Exercise data:

##############################

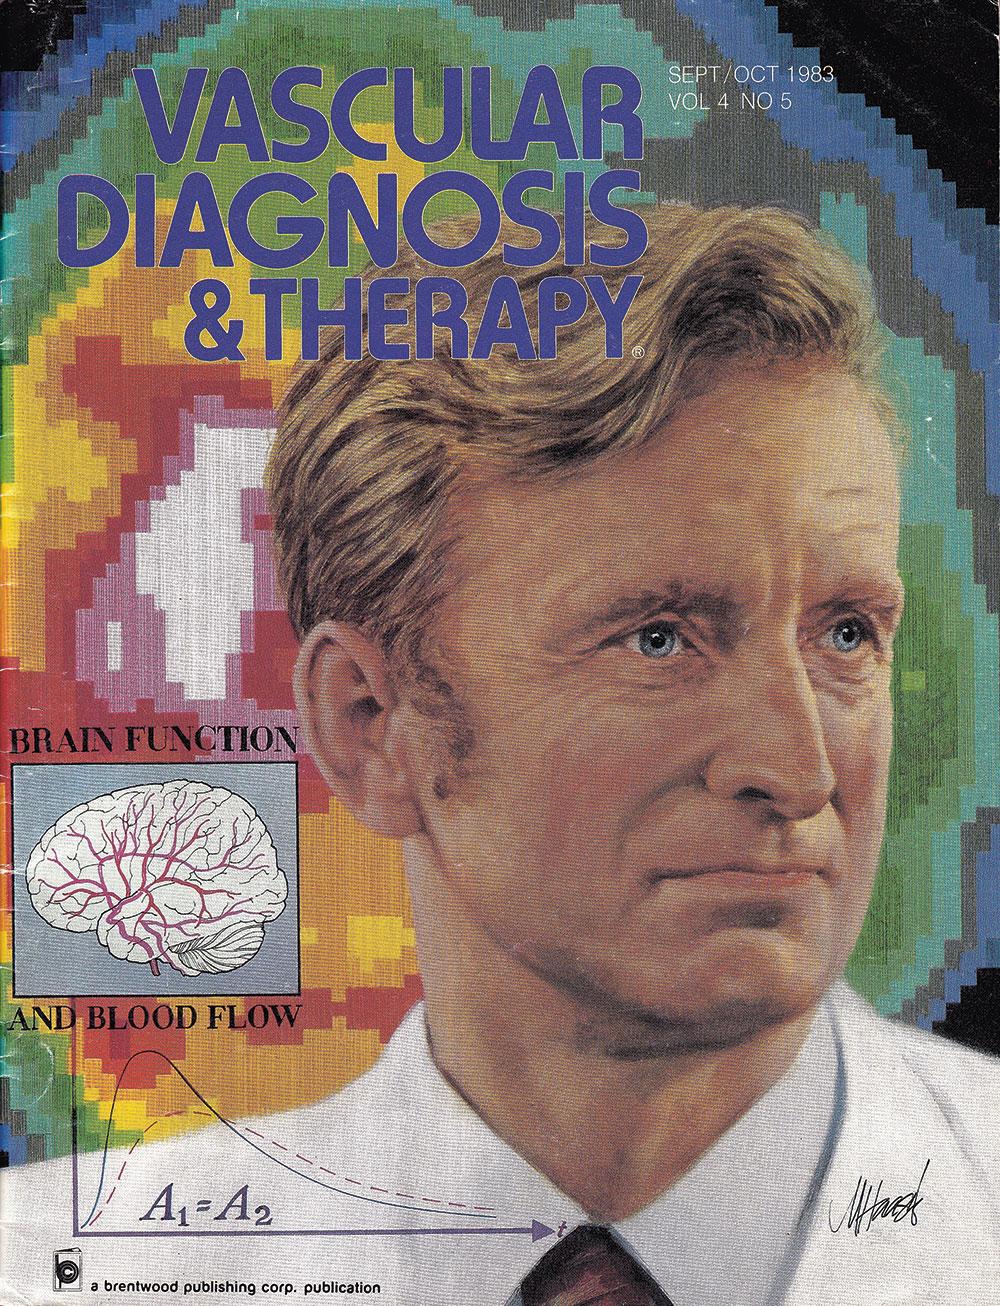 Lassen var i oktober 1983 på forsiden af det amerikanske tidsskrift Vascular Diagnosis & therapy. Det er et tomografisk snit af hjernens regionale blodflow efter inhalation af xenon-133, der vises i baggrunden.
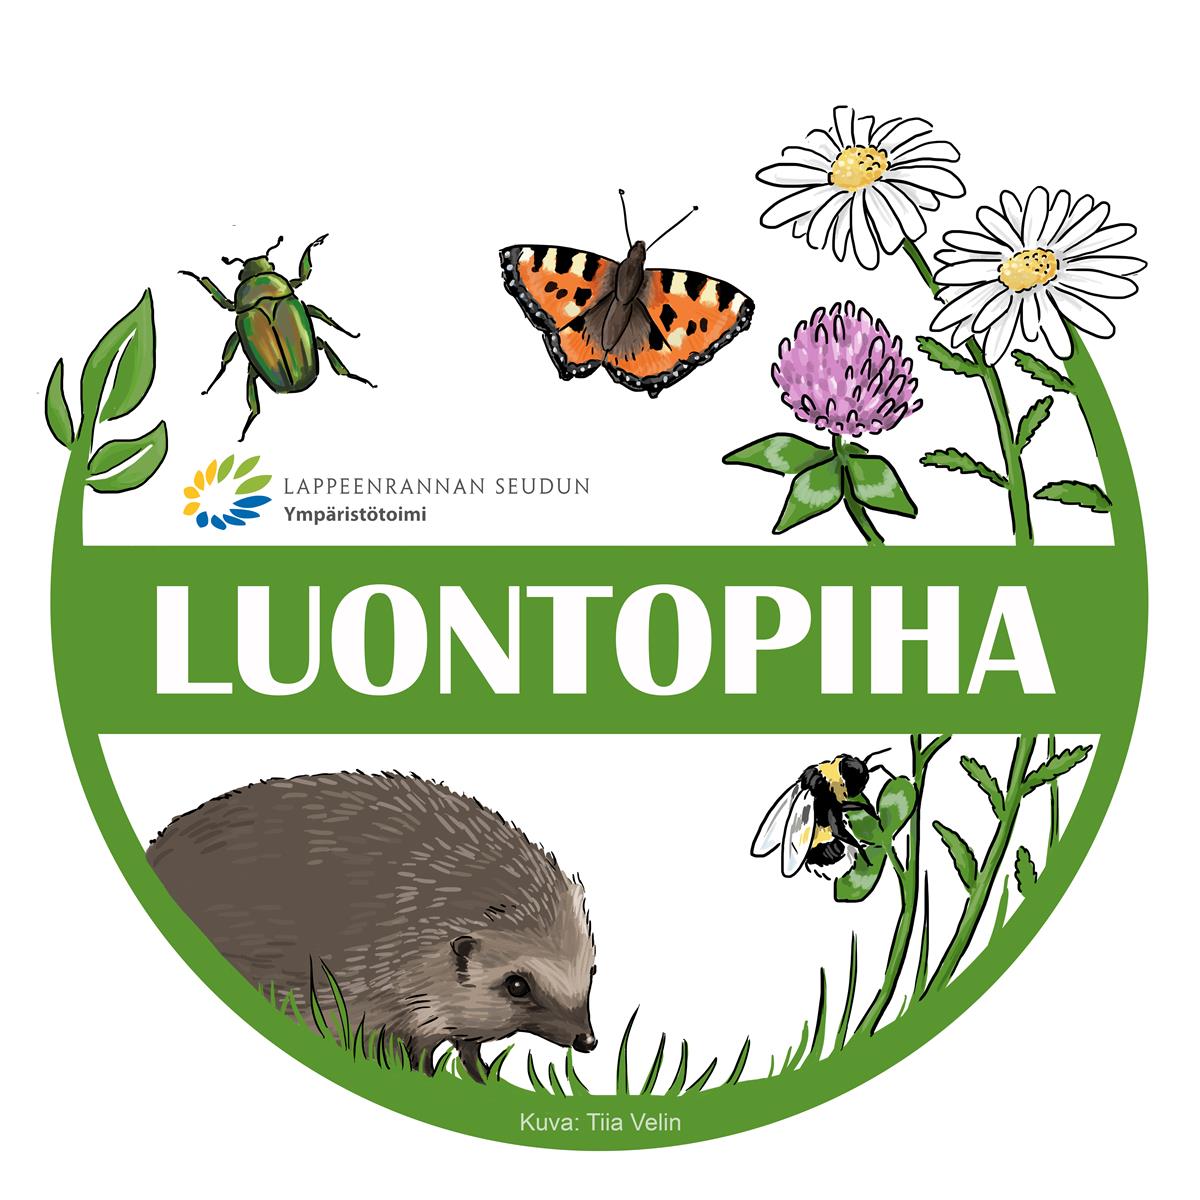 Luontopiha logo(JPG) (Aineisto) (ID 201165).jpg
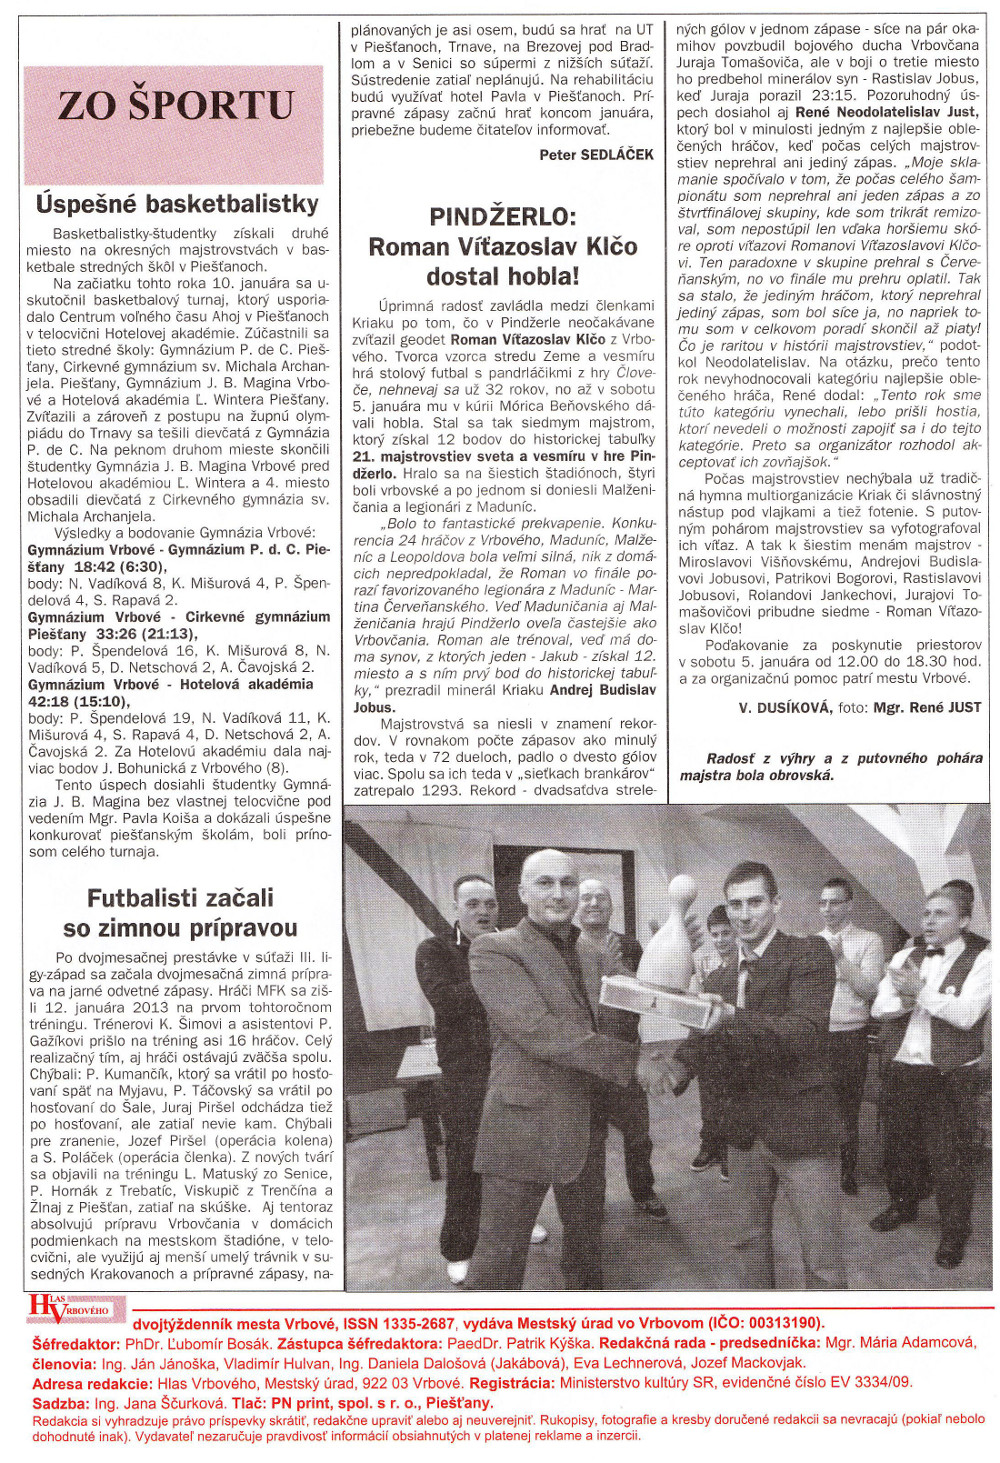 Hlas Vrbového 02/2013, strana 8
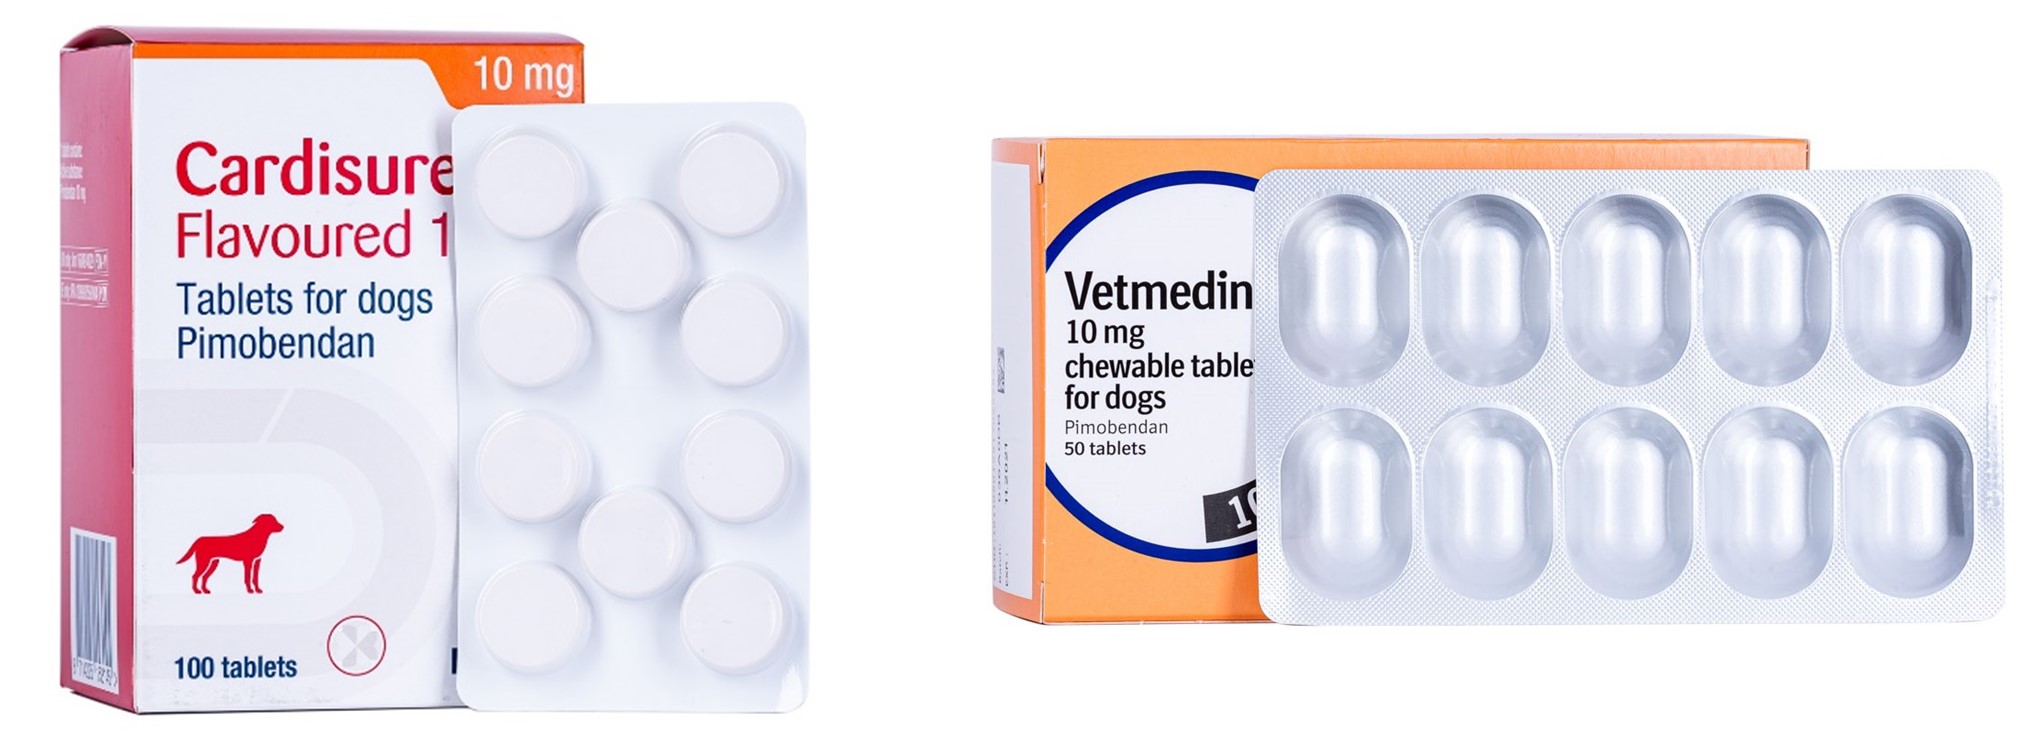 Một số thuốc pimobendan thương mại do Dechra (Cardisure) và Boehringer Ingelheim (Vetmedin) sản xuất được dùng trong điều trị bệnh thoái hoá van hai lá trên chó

##############################

How to complete this task:
Would you return the whole listing above exactly as written, skipping any image?

Solution to this task:
 Lassen var i oktober 1983 på forsiden af det amerikanske tidsskrift Vascular Diagnosis & therapy. Det er et tomografisk snit af hjernens regionale blodflow efter inhalation af xenon-133, der vises i baggrunden.
 Luontopiha logo(JPG) (Aineisto) (ID 201165).jpg
 Hlas Vrbového 02/2013, strana 8
 Một số thuốc pimobendan thương mại do Dechra (Cardisure) và Boehringer Ingelheim (Vetmedin) sản xuất được dùng trong điều trị bệnh thoái hoá van hai lá trên chó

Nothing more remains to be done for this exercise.